Can a two-levels photon pair be created either entangled or not entangled? [closed]

Question

I am learning about experiments on Quantum Optics and Quantum Tomography in order to understand how to measure two qubits with an arbitrary quantum state of their polarization degrees of freedom. Since I need to work with two-particle system, it is normally said that I have to work with a "black box" which provides me photon pairs. Something like this

As it seems like a SPDC device, I suspect is a sort of entangled photons device (also because of the Coincidence Detector). According to what I understand by entangled photons, are states expressed like this

$$ \frac{1}{\sqrt 2}(|0\rangle_A \otimes |1\rangle_B + \mathrm{e}^{i\phi}|1\rangle_A \otimes |0\rangle_B) $$

But, as I precise to work with a tensor product state (two systems), I believe that I must use states like this

$$ a|0\rangle_A \otimes |0\rangle_B + b|0\rangle_A \otimes |1\rangle_B + c|1\rangle_A \otimes |0\rangle_B + d|1\rangle_A \otimes |1\rangle_B$$

Can that "black box" produce both types? if not, Can I use entangled photons as a two-particle system with an arbitrary quantum state?

Answer 1

Spontaneous Parametric Down Conversion is a process that produces pairs of photons. The process goes like this: a strong beam of ultra-violet (UV) photons, is sent upon a down-conversion crystal (placed inside your black-box). Inside the crystal, the UV photon is SPLIT into two photons, named (I don't know why) SIGNAL and IDLER. In general the two photons have different frequencies, but sometimes they are of the same frequency. There is a wide literature about down-conversion. You can see also a description in Wikipedia

http://en.wikipedia.org/wiki/Spontaneous_parametric_down-conversion

You'll see there that that each photon is emitted like a cone of light. If at some distance from the crystal we place a screen, we get on the screen two circles that intersect at two points. Let's label these points A and B. Now, if the two photons are of the same wavelength, and if we make holes in the screen exactly at A and B, through each hole exits one photon. But for the photon exiting A, we will not know if it is the signal, or it is the idler. What yes we know is that if the photon from A is the signal, than the photon from B is the idler, and vice-versa.

So we get the state

(1/sqrt(2)) (|$1_s$>|$1_i$> + |$1_i$>|$1_s$>),

where the subscript s means signal, and the subscript I means idler.

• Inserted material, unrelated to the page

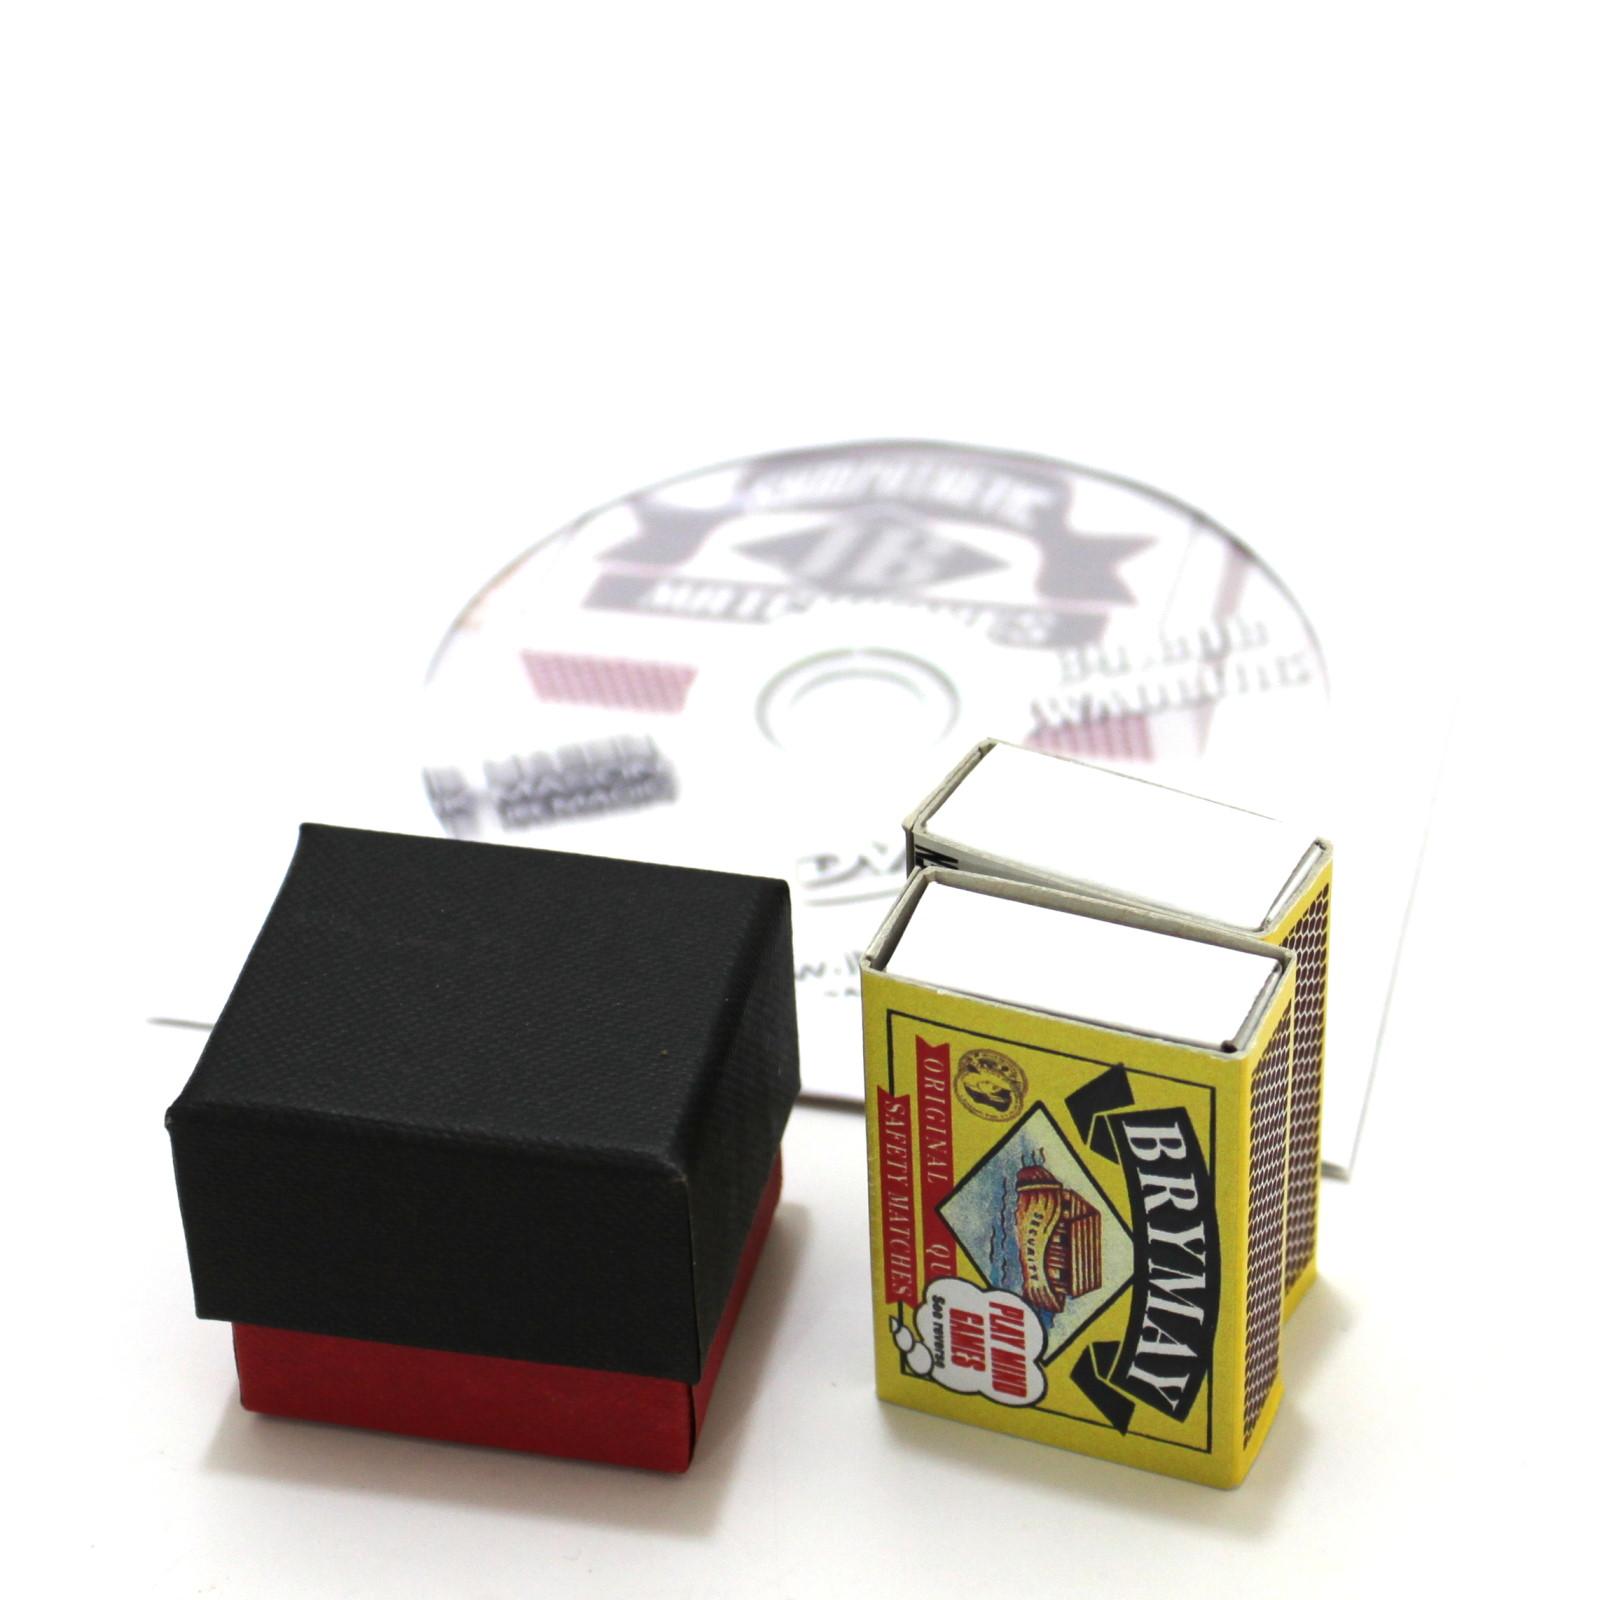 Sympathetic Matchboxes (2014) by Bob Swadling

You have also to know that these photons are usually polarized, i.e. one of them is circularly right polarized ( |R> ), and the other circularly left polarized ( |L> ), in which case the state is

(1/sqrt(2)) (|L>|R> + |R>|L>).

About an arrangement to get a state as your second equality describes, the parametric down-conversion produces two photons. But, try to use beam-splitters on the ways of the two photons and see if you can get the desired combinations. It is known that if you bring on the each side of a beam splitter (BS) a photon, and the two photons are identical, they will both leave the BS on the same side.

Good Luck !

Answer 2

Here is a suggestion of how to produce the state in your second formula. Choose to make holes in a screen, NOT at the two points A and B of which I spoke in my first answer, but at two other points, e.g. on top of the upper cone, and on the bottom of the lower cone. Then, pass the upper beam through a beam splitter $BS_1$. Block the transmitted wave, let only the reflected one |$r_{upper}$>. The same with the lower beam, pass it through a beam-splitter, $BS_2$, and block the transmitted beam, leave only the reflected, |$r_{lower}$>. You get your desired second state, but I replace A and B in your formula by U (upper reflected beam) and L (lower reflected beam). Choosing beam-splitters with convenient absorption and transmission coefficients, you can control the parameters a, b, c, d.